Optimize cluster resources
in addition to optimize the SQL query terms, can also be optimized for Impala cluster system in the allocation of resources, so that "two-pronged approach." Impala admission control function is a lightweight, distributed resource control mechanism, which limits the size of memory segments used by the query, the number of queries executed in parallel and so on.

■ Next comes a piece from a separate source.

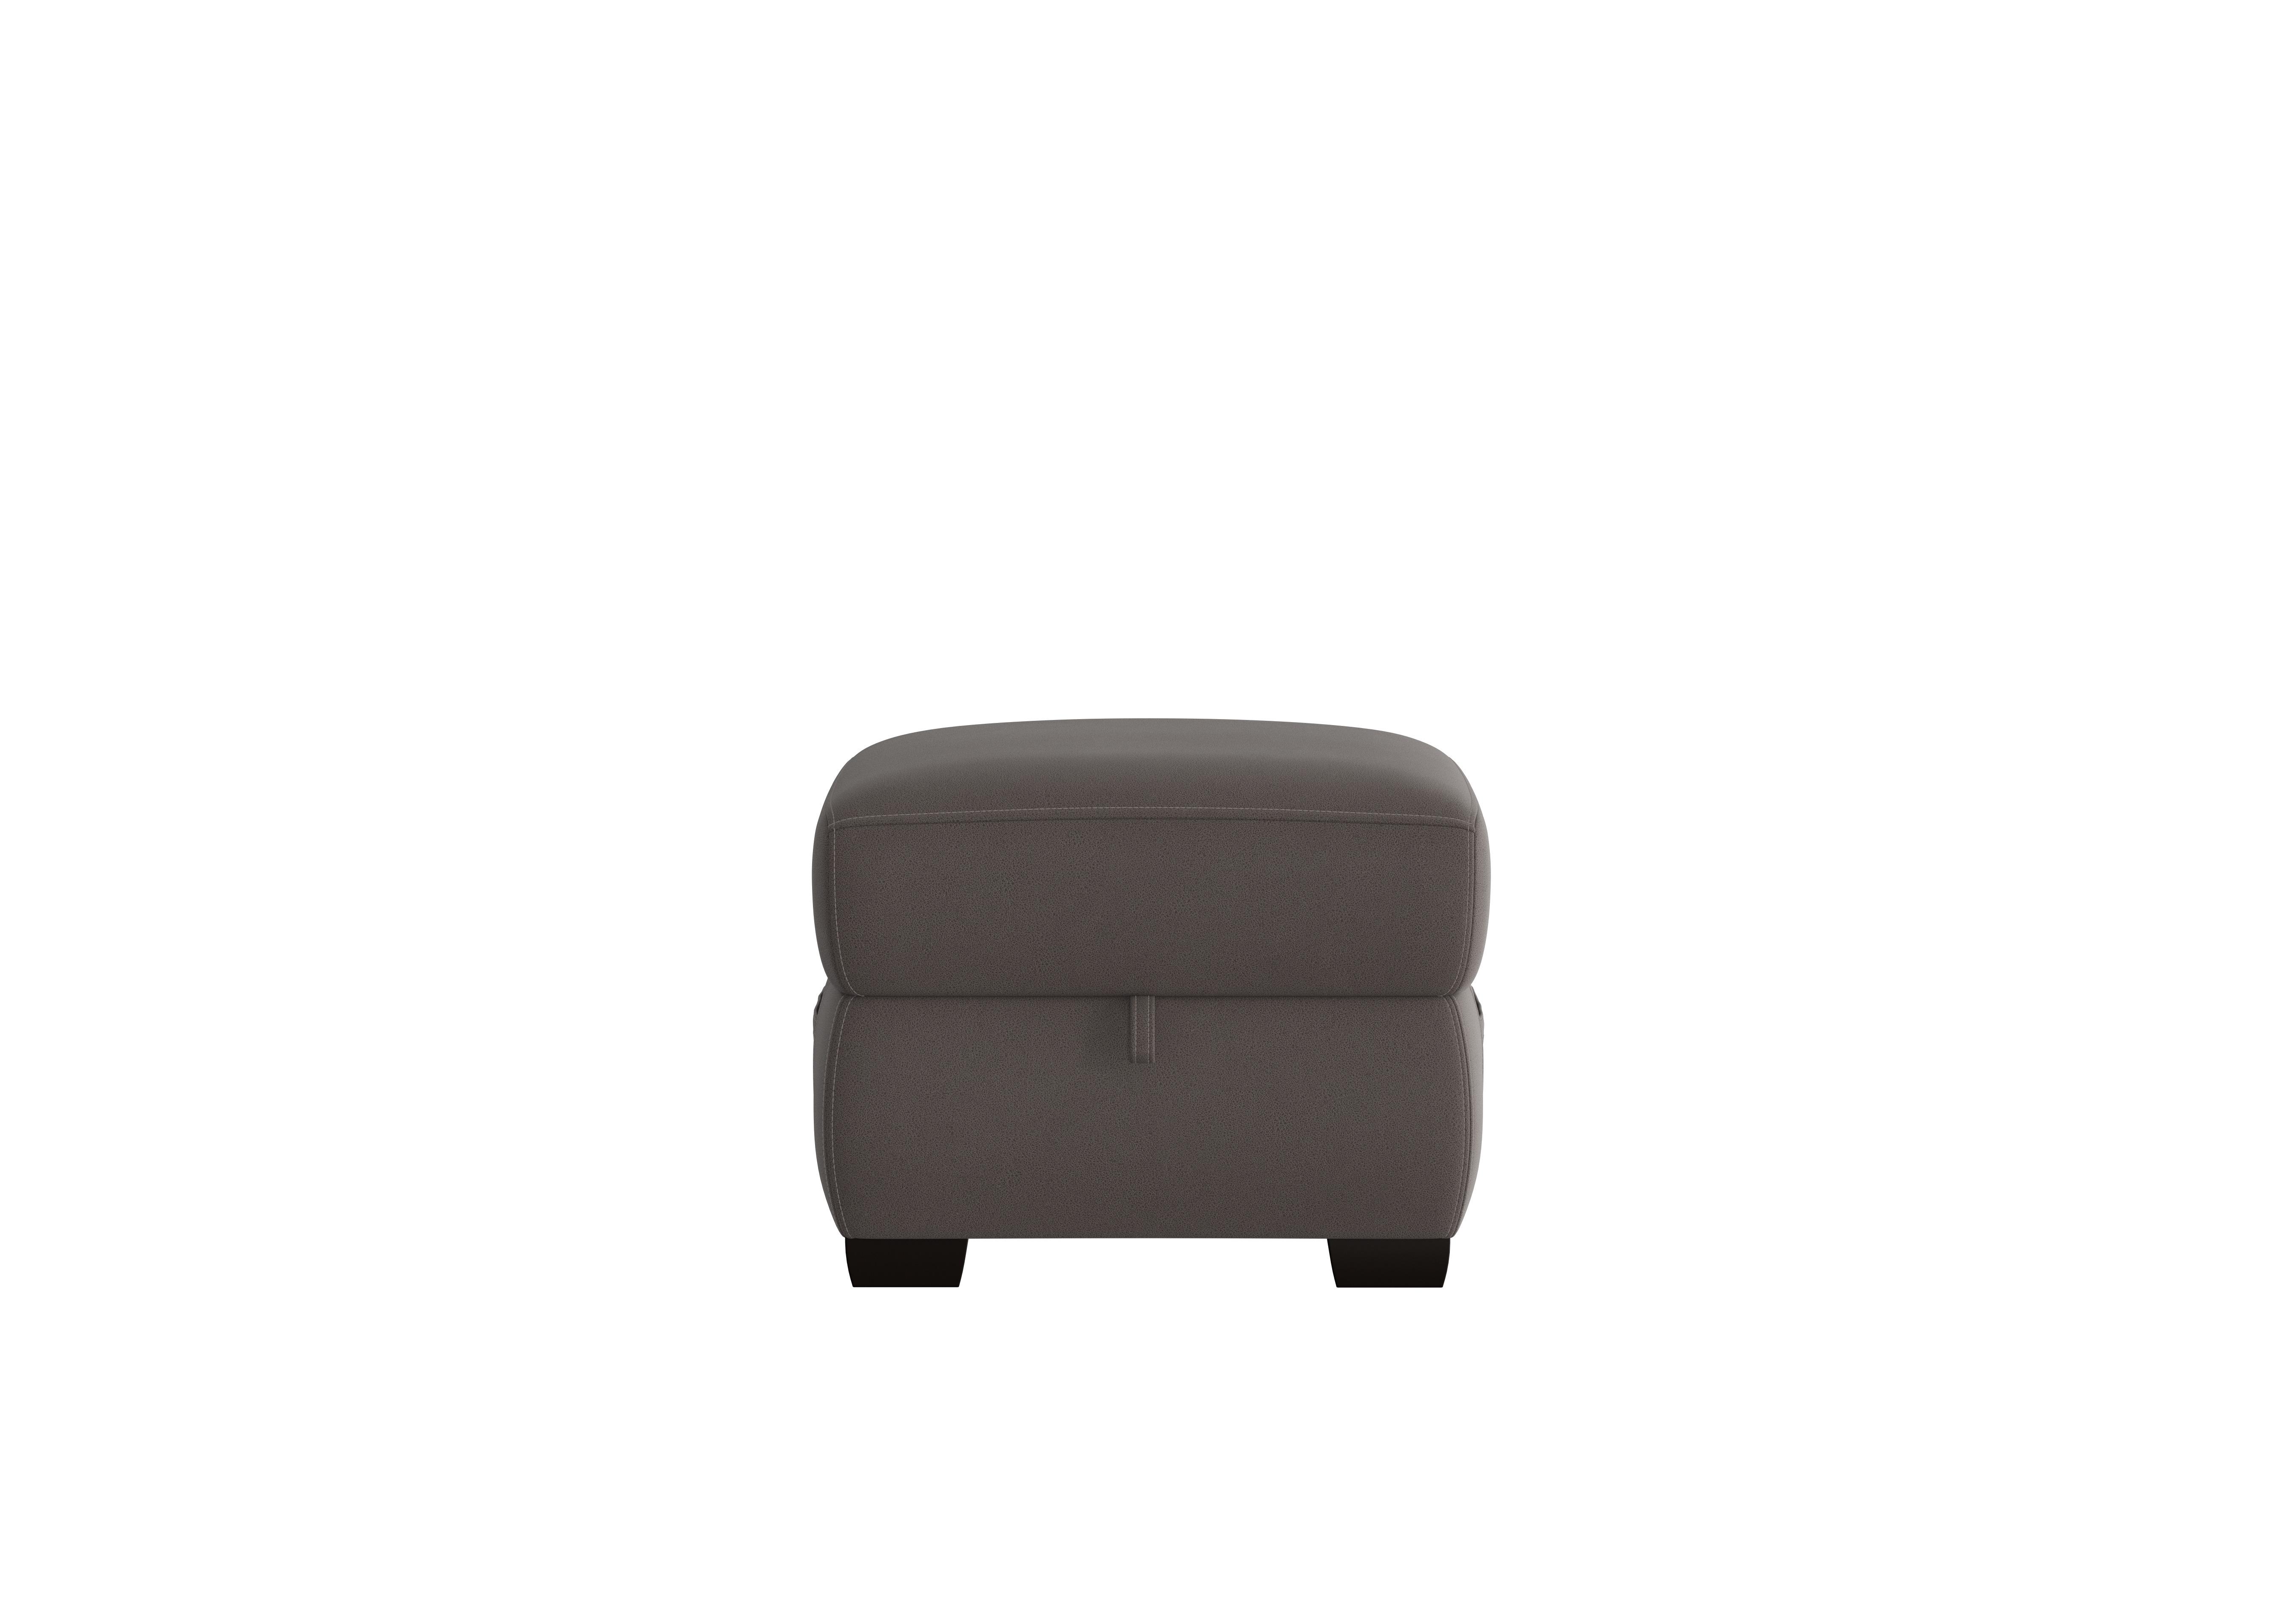 Starlight Express Fabric Storage Footstool in Bfa-Blj-R16 Grey on Furniture Village
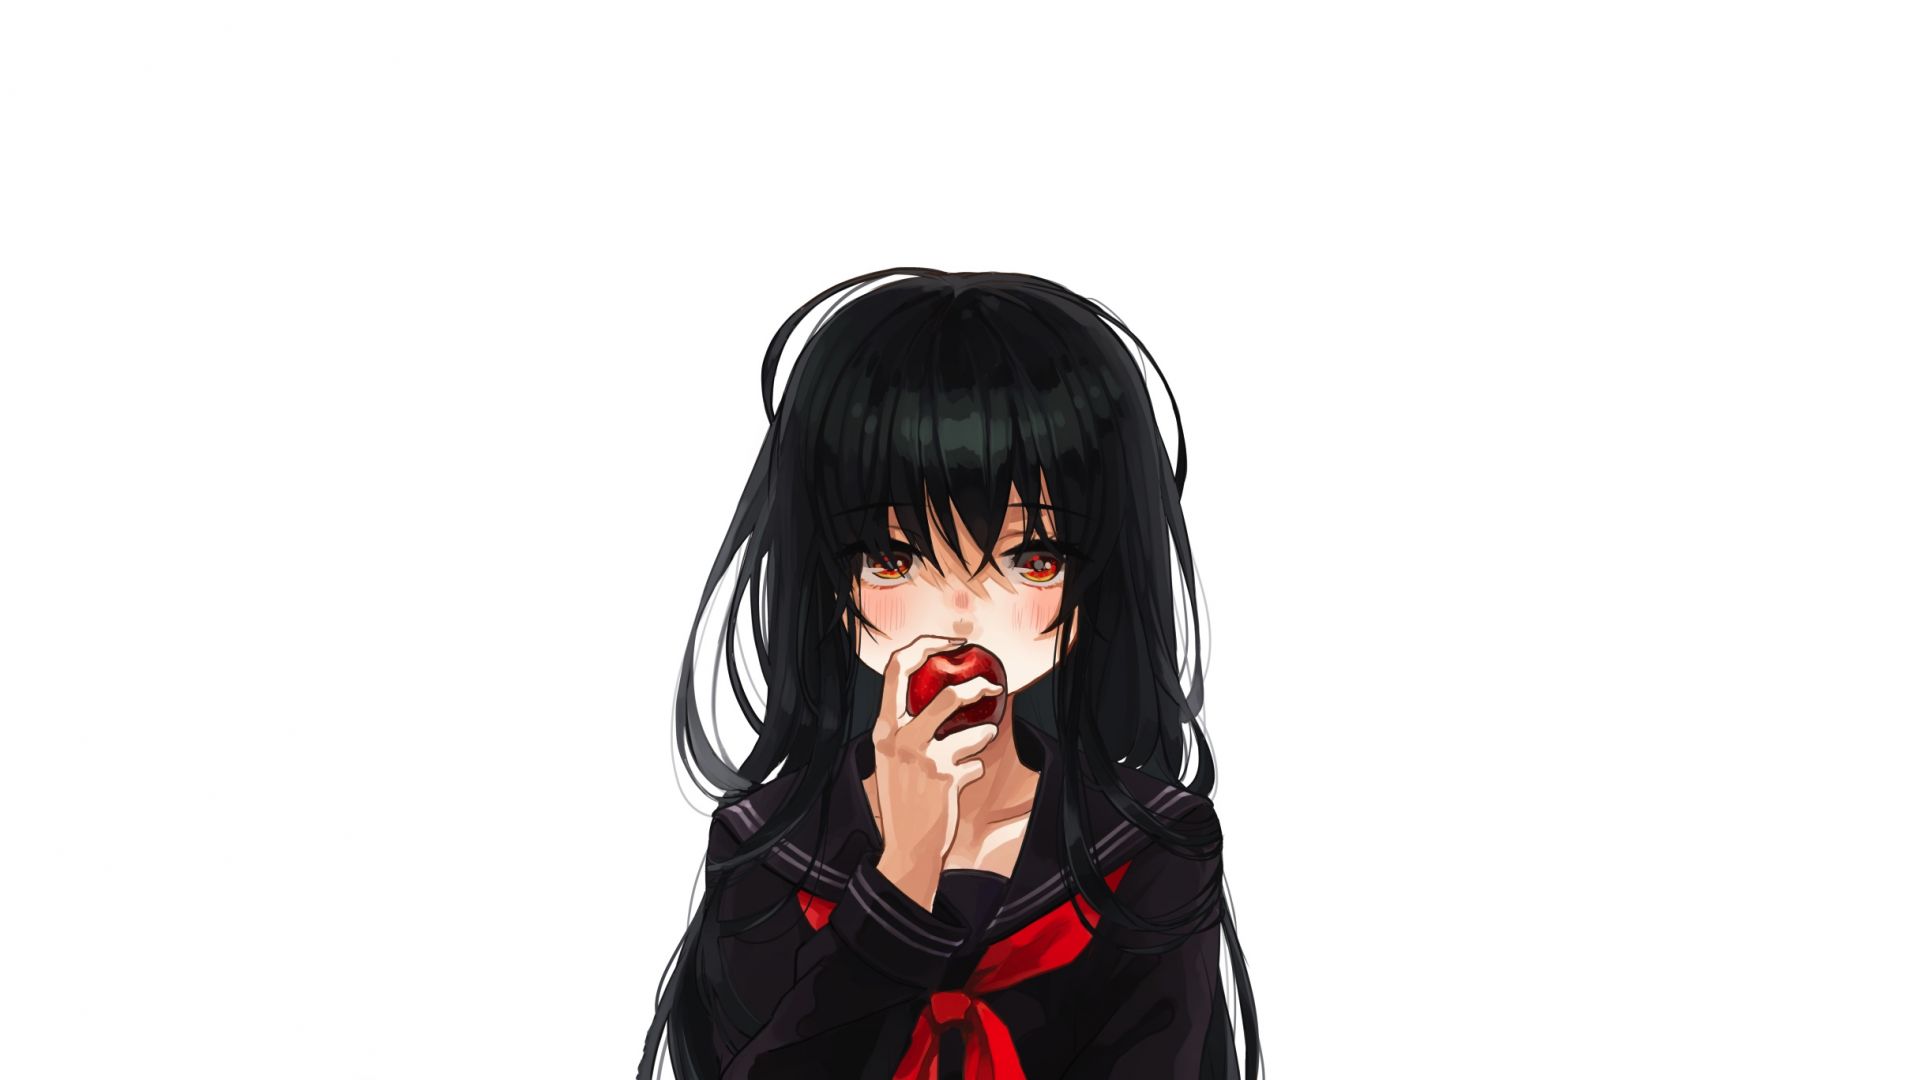 Cute Anime Girl in Black Dress Wallpapers - Anime Girl Wallpapers

Use this function to optimize the configuration of the system depending on the specific environment of the cluster, the idea of optimizing comprises:

  • -MEM_LIMIT develop a reasonable option for impalad process to limit the size of memory reserved for the query.

  • YARN configured for dynamic allocation, memory allocation is reasonable to develop relations with Hadoop Impala other components.

  • Application requests for different user groups, resource pooling mechanism configured to isolate Cgroup use of resources.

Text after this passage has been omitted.